▶ SOURCE MATERIAL:

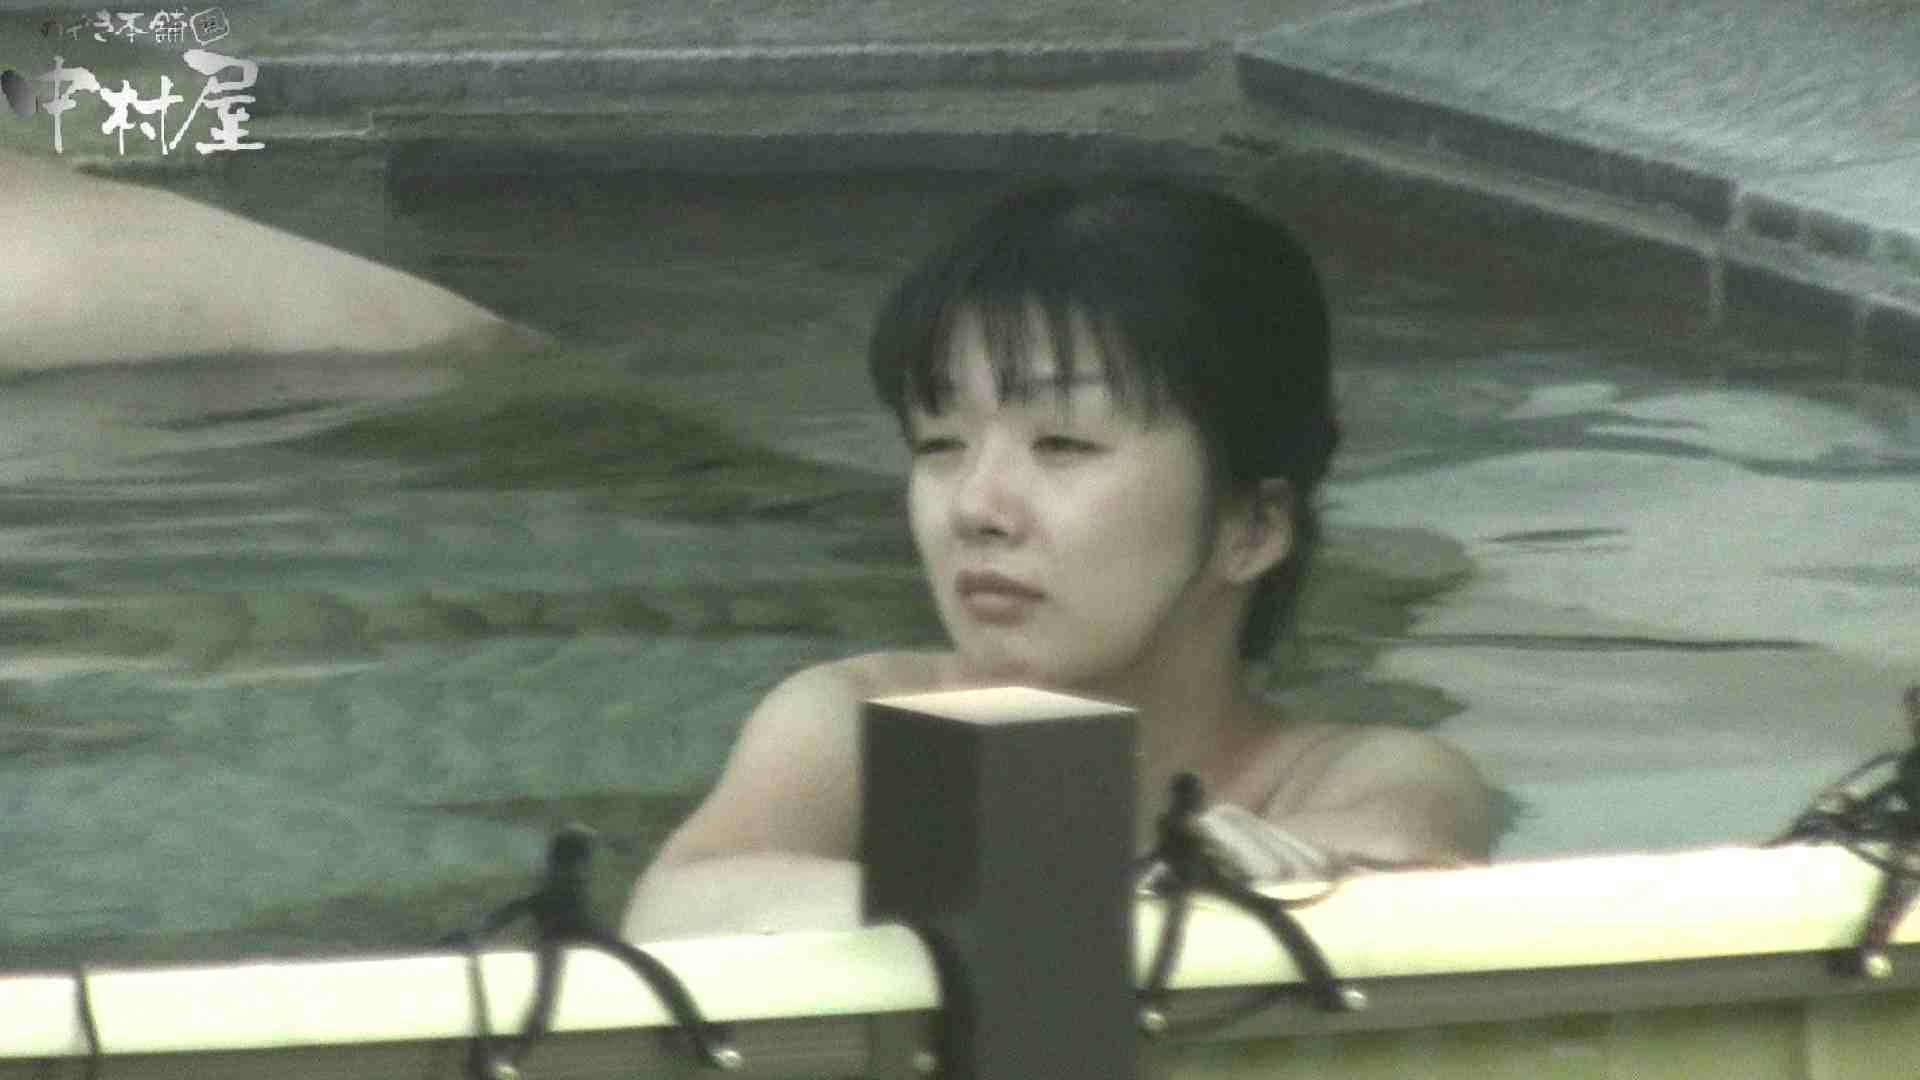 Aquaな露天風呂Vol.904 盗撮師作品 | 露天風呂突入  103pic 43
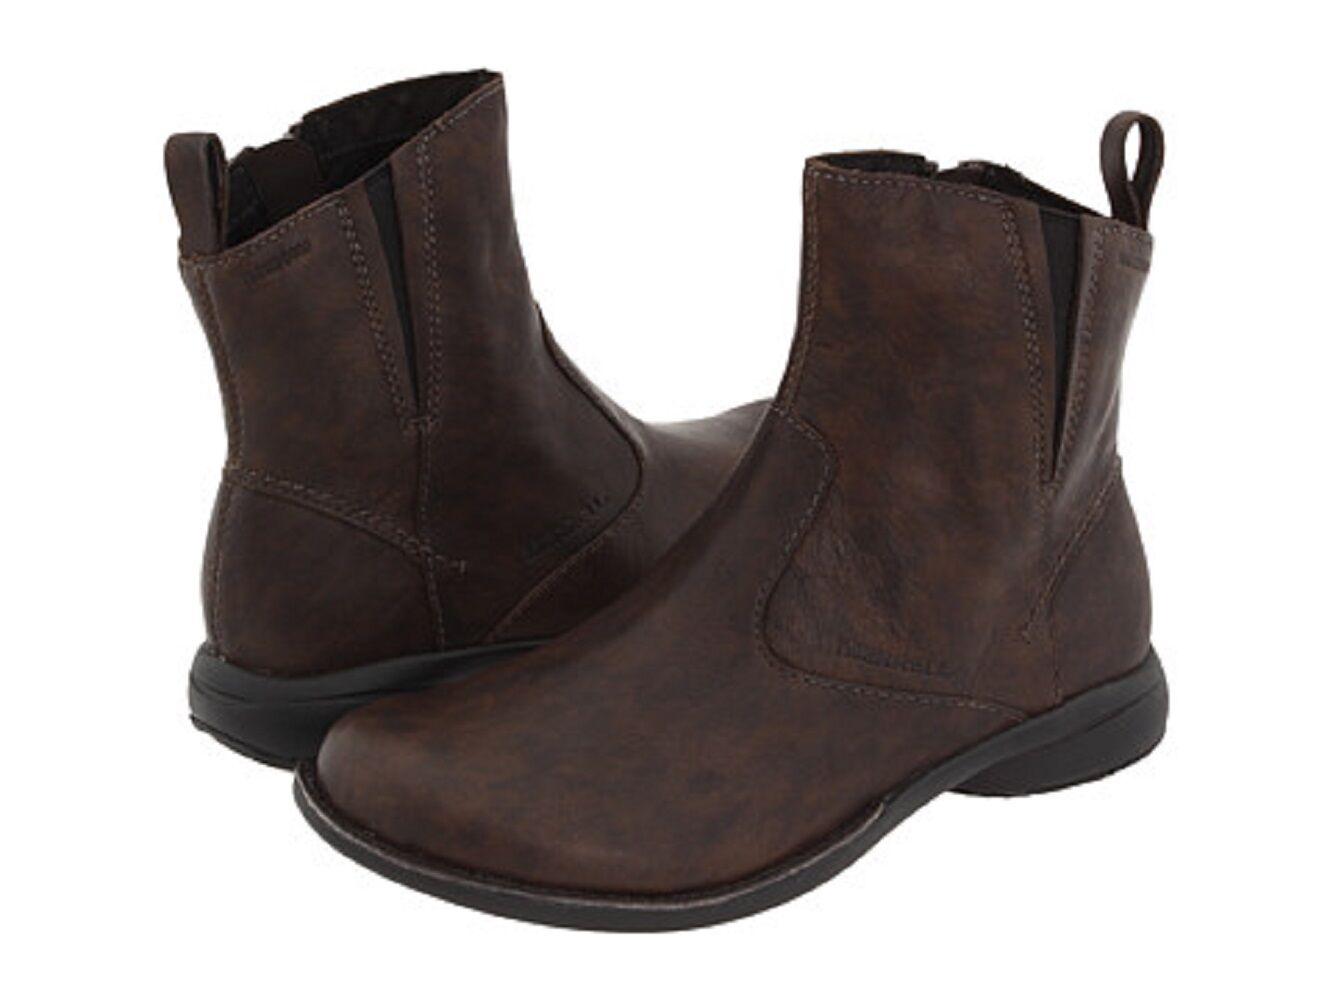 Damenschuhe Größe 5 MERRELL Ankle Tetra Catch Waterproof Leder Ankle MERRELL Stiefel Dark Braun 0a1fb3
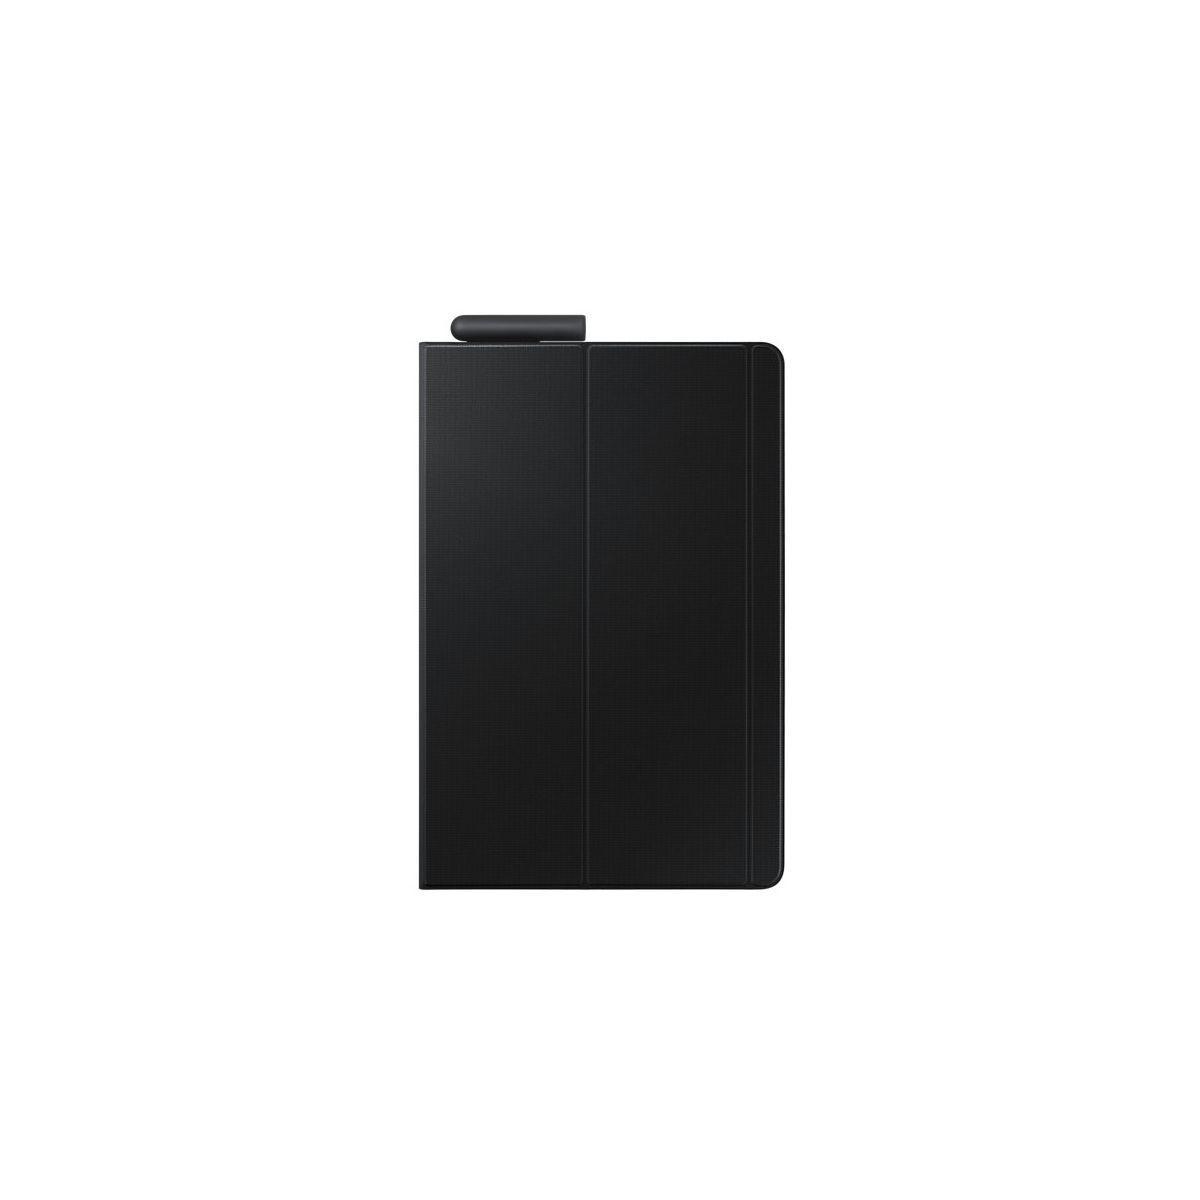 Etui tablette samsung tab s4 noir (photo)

▶ INSTRUCTIONS FOR THE TASK:
The task calls for every line of the data to be returned exactly, without pictures.

▶ SOLUTION:
 Aquaな露天風呂Vol.904 盗撮師作品 | 露天風呂突入  103pic 43
 Damenschuhe Größe 5 MERRELL Ankle Tetra Catch Waterproof Leder Ankle MERRELL Stiefel Dark Braun 0a1fb3
 Etui tablette samsung tab s4 noir (photo)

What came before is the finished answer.